- Conference: Western Conference
- Record: 10–3 (2–0 Western)
- Head coach: C.M. Best (1st season);
- Captain: H. Wallace Reimann
- Home arena: Lafayette Coliseum

= 1901–02 Purdue Boilermakers men's basketball team =

American college basketball season

The 1901–02 Purdue Boilermakers men's basketball team compiled a 10–3 record, led by returning team captain Wallace Reimann. The team averaged 39 points per game and held their opponents to 18.9 points per game. By sweeping their Indiana opponents of Butler, Indiana, and Indiana State Normal, they claimed the state championship for the second year in a row.

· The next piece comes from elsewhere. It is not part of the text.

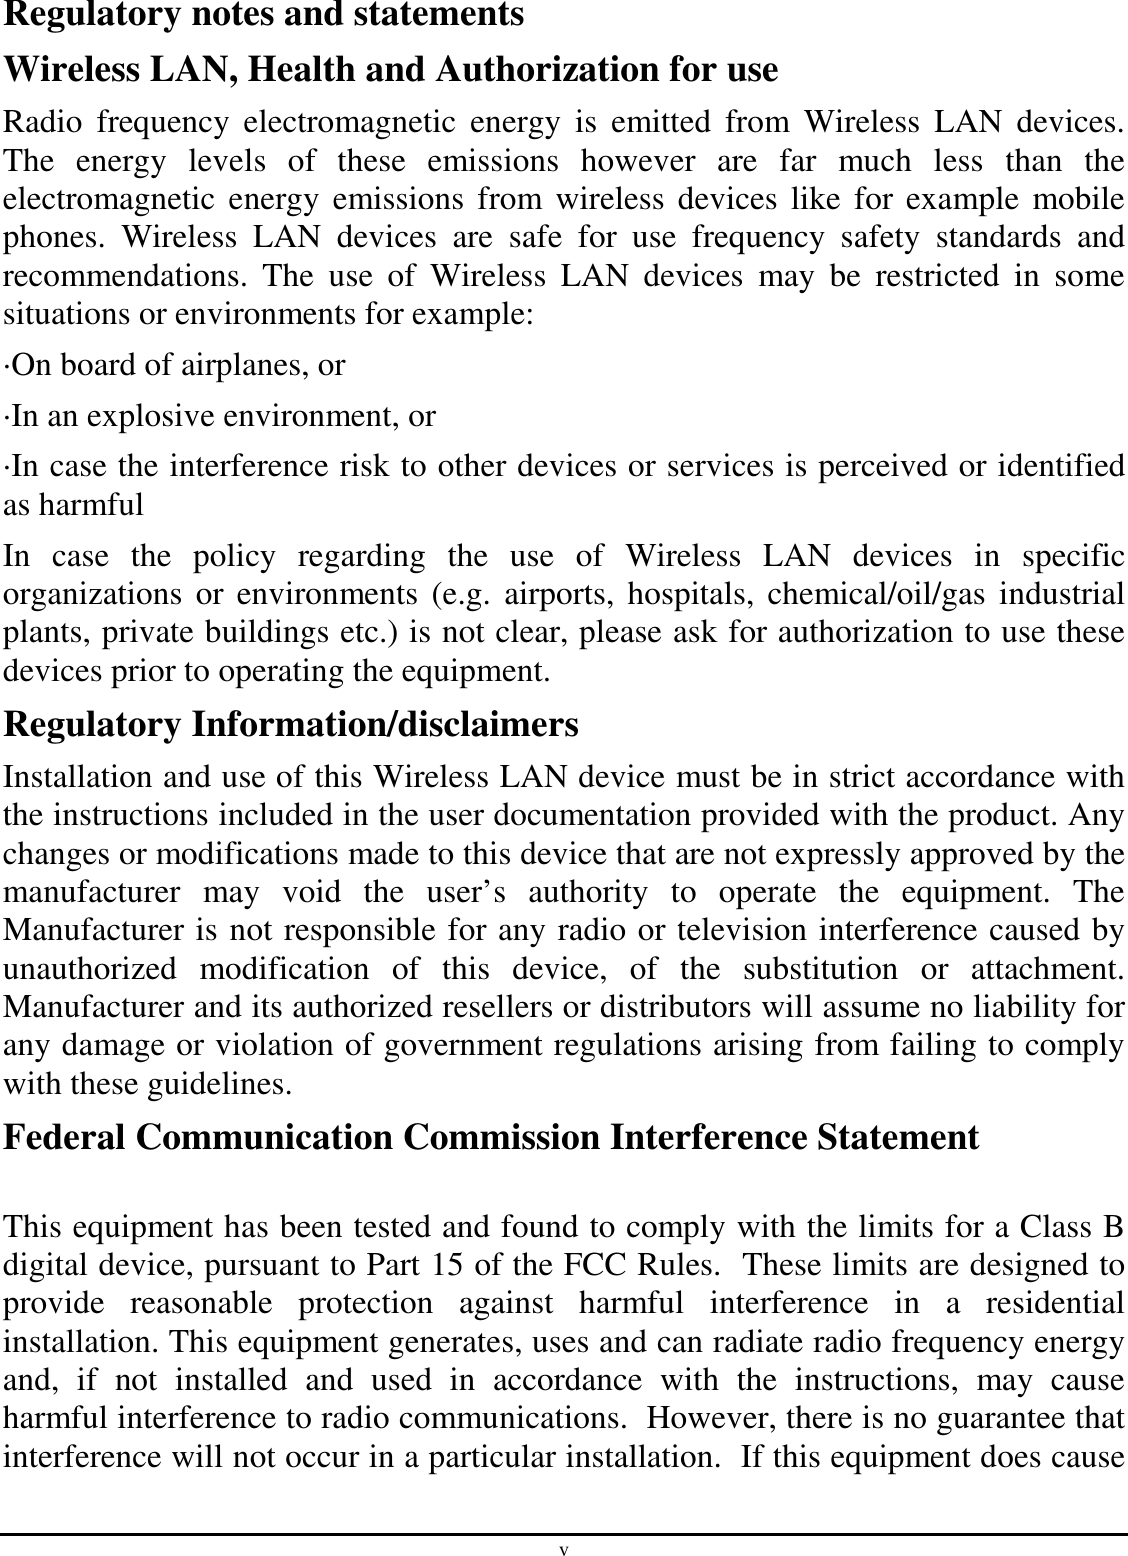 v Regulatory notes and statements Wireless LAN, Health and Authorization for use Radio  frequency  electromagnetic  energy  is  emitted  from  Wireless  LAN  devices. The  energy  levels  of  these  emissions  however  are  far  much  less  than  the electromagnetic  energy  emissions  from wireless devices like for example  mobile phones.  Wireless  LAN  devices  are  safe  for  use  frequency  safety  standards  and recommendations.  The  use  of  Wireless  LAN  devices  may  be  restricted  in  some situations or environments for example: ·On board of airplanes, or ·In an explosive environment, or ·In case the interference risk to other devices or services is perceived or identified as harmful In  case  the  policy  regarding  the  use  of  Wireless  LAN  devices  in  specific organizations  or environments  (e.g.  airports,  hospitals, chemical/oil/gas  industrial plants, private buildings etc.) is not clear, please ask for authorization to use these devices prior to operating the equipment. Regulatory Information/disclaimers Installation and use of this Wireless LAN device must be in strict accordance with the instructions included in the user documentation provided with the product. Any changes or modifications made to this device that are not expressly approved by the manufacturer  may  void  the  user’s  authority  to  operate  the  equipment.  The Manufacturer is not responsible for any radio or television interference caused by unauthorized  modification  of  this  device,  of  the  substitution  or  attachment. Manufacturer and its authorized resellers or distributors will assume no liability for any damage or violation of government regulations arising from failing to comply with these guidelines. Federal Communication Commission Interference Statement  This equipment has been tested and found to comply with the limits for a Class B digital device, pursuant to Part 15 of the FCC Rules.  These limits are designed to provide  reasonable  protection  against  harmful  interference  in  a  residential installation. This equipment generates, uses and can radiate radio frequency energy and,  if  not  installed  and  used  in  accordance  with  the  instructions,  may  cause harmful interference to radio communications.  However, there is no guarantee that interference will not occur in a particular installation.  If this equipment does cause

Two particular features of this season were an extended road trip through the South, and a game against Yale. Starting forward Harry Cook died mid-season on February 27, 1902.

== Roster ==

| Player | Position | Class |
|---|---|---|
| H. Wallace Reimann | Forward | Jr. |
| Harry W. Cook | Forward | Jr. |
| John F. G. Miller | Center | Jr. |
| D. Ralph Lucas | Guard | Soph. |
| C. L. Peck | Guard |  |
| Joseph B. Knapp | Sub. Guard |  |
| C. Conroy | Sub. Guard |  |
| W. N. Moore | Sub. Guard |  |
| Simeon V. B. Miller | Sub. Guard | Fr. |
| A. G. Caldwell | Sub. Forward |  |
| J. H. Collier | Sub. Forward |  |

== Games ==

| Date time, TV | Opponent | Result | Record | Site city, state |
| December 18, 1901 | at Nashville Athletic Association | W 30–6 | 1–0 | Nashville, TN |
| December 28, 1901 | at Birmingham Athletic Association | W 37–13 | 2–0 | Birmingham, AL |
| December 30, 1901 | at Birmingham Athletic Association | L 15–19 | 2–1 | Birmingham, AL |
| December 31, 1901 | at Nashville Athletic Association | L 15–18 | 2–2 | Nashville, TN |
| January 2, 1902 | at Chattanooga Athletic Association | W 42–21 | 3–2 | Chattanooga, TN |
| January 3, 1902 | at Chattanooga Athletic Association | W 30–16 | 4–2 | Chattanooga, TN |
| January 4, 1902 | at Cincinnati YMCA | L 31–46 | 4–3 | Cincinnati, OH |
| January 25, 1902 | at Butler | W 30–23 | 5–3 | Indianapolis, IN |
| February 7, 1902 | Indiana State Normal | W 39–17 | 6–3 | Lafayette Coliseum West Lafayette, IN |
| February 15, 1902 | at Indiana Rivalry | W 32–8 | 7–3 (1–0) | Old Assembly Hall West Lafayette, IN |
| February 19, 1902 | Butler | W 71–24 | 8–3 | Lafayette Coliseum West Lafayette, IN |
| March 7, 1902 | Indiana Rivalry | W 71–25 | 9–3 (2–0) | Lafayette Coliseum West Lafayette, IN |
| April 8, 1902 | Yale | W 67–10 | 10–3 | Lafayette Coliseum West Lafayette, IN |
*Non-conference game. (#) Tournament seedings in parentheses.